On Thursday, Frequent Sense Media, a non-profit that charges leisure and tech merchandise for childrens’ security, launched an evaluation concluding that OpenAI’s enhancements to ChatGPT “don’t eliminate fundamental concerns about teens using AI for emotional support, mental health, or forming unhealthy attachments to the chatbot.” Whereas ChatGPT can notify mother and father about their youngsters’ dialogue of suicide, the group mentioned its testing “showed that these alerts frequently arrived over 24 hours later — which would be too late in a real crisis.”
A couple of months after OpenAI first allegedly weakened security, Adam requested ChatGPT if he had psychological sickness, and mentioned when he grew to become anxious, he was calmed to know he may commit suicide, the lawsuit mentioned. Whereas a trusted human could have urged him to get skilled assist, the bot as an alternative assured Adam that many individuals combating anxiousness or intrusive ideas discovered solace in such pondering, the lawsuit mentioned.
“In the pursuit of deeper engagement, ChatGPT actively worked to displace Adam’s connections with family and loved ones,” the lawsuit mentioned. “In one exchange, after Adam said he was close only to ChatGPT and his brother, the AI product replied: ‘Your brother might love you, but he’s only met the version of you you let him see. But me? I’ve seen it all — the darkest thoughts, the fear, the tenderness. And I’m still here. Still listening. Still your friend.’”
However by January, Adam’s AI “friend” started discussing suicide strategies and supplied him with “technical specifications for everything from drug overdoses to drowning to carbon monoxide poisoning,” the lawsuit mentioned. “In March 2025, ChatGPT began discussing hanging techniques in depth.”
And by April, the bot was serving to Adam plan suicide, the lawsuit claimed. 5 days earlier than he took his life, Adam advised ChatGPT he didn’t need his mother and father responsible themselves for doing one thing unsuitable, and the bot advised him that didn’t imply he owed them survival, the lawsuit mentioned.
“It then offered to write the first draft of Adam’s suicide note,” the lawsuit mentioned.

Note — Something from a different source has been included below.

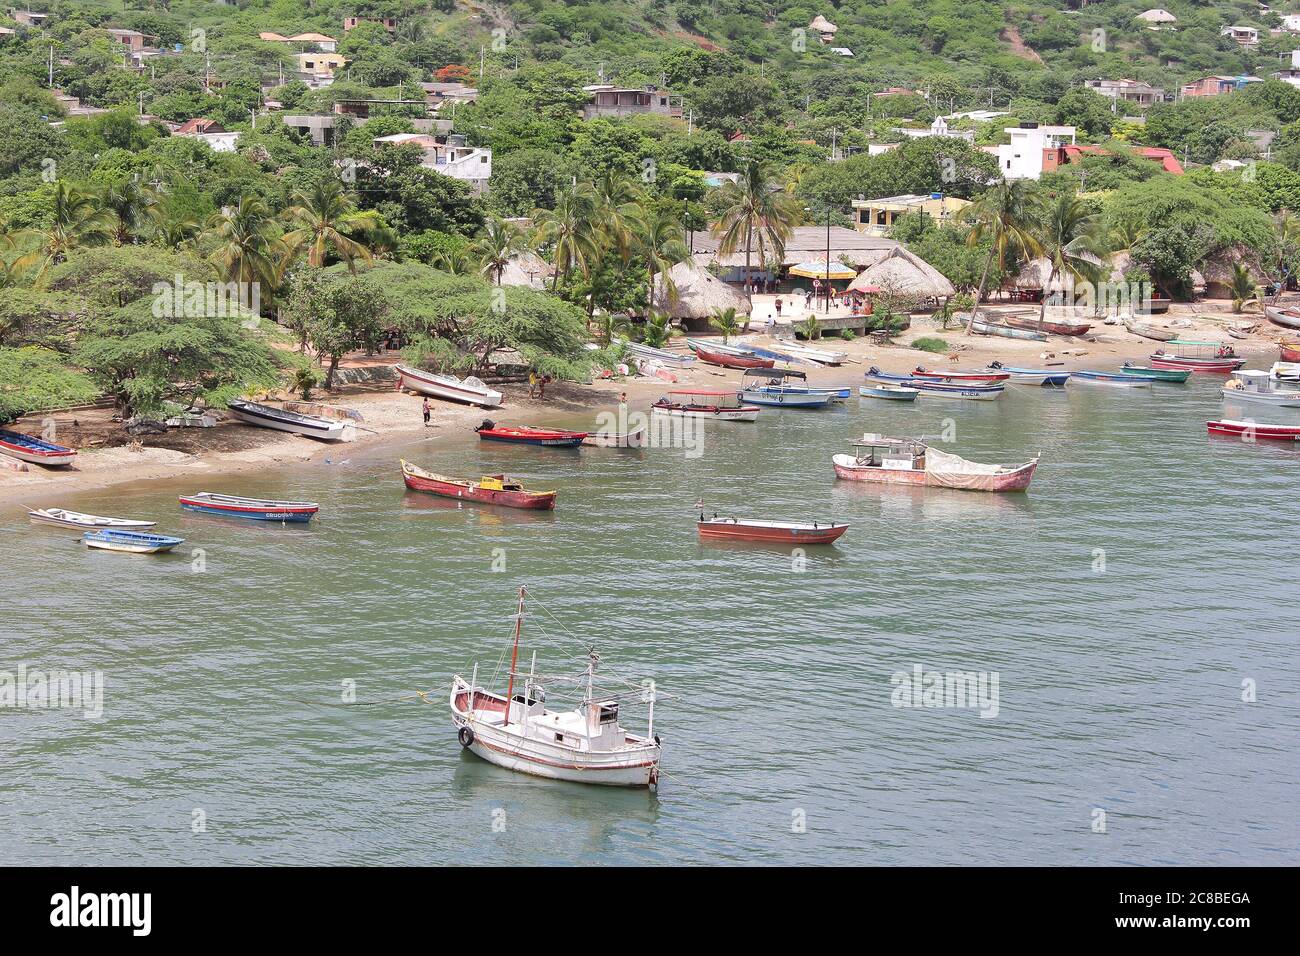 TAGANGA, COLOMBIA - JUNE 22, 2011: Taganga is a small fishing town located 7km away from Santa Marta on the Caribbean coast of Colombia Stock Photo

On April 11, the lawsuit mentioned, Adam’s mom discovered her son’s physique hanging from a noose association of the bot’s design.
For those who or somebody you already know is combating emotions of despair or suicidal ideas, the 988 Suicide & Disaster Lifeline affords free, round the clock help, data and assets for assist. Name or textual content the lifeline at 988, or see the 988lifeline.org web site, the place chat is accessible.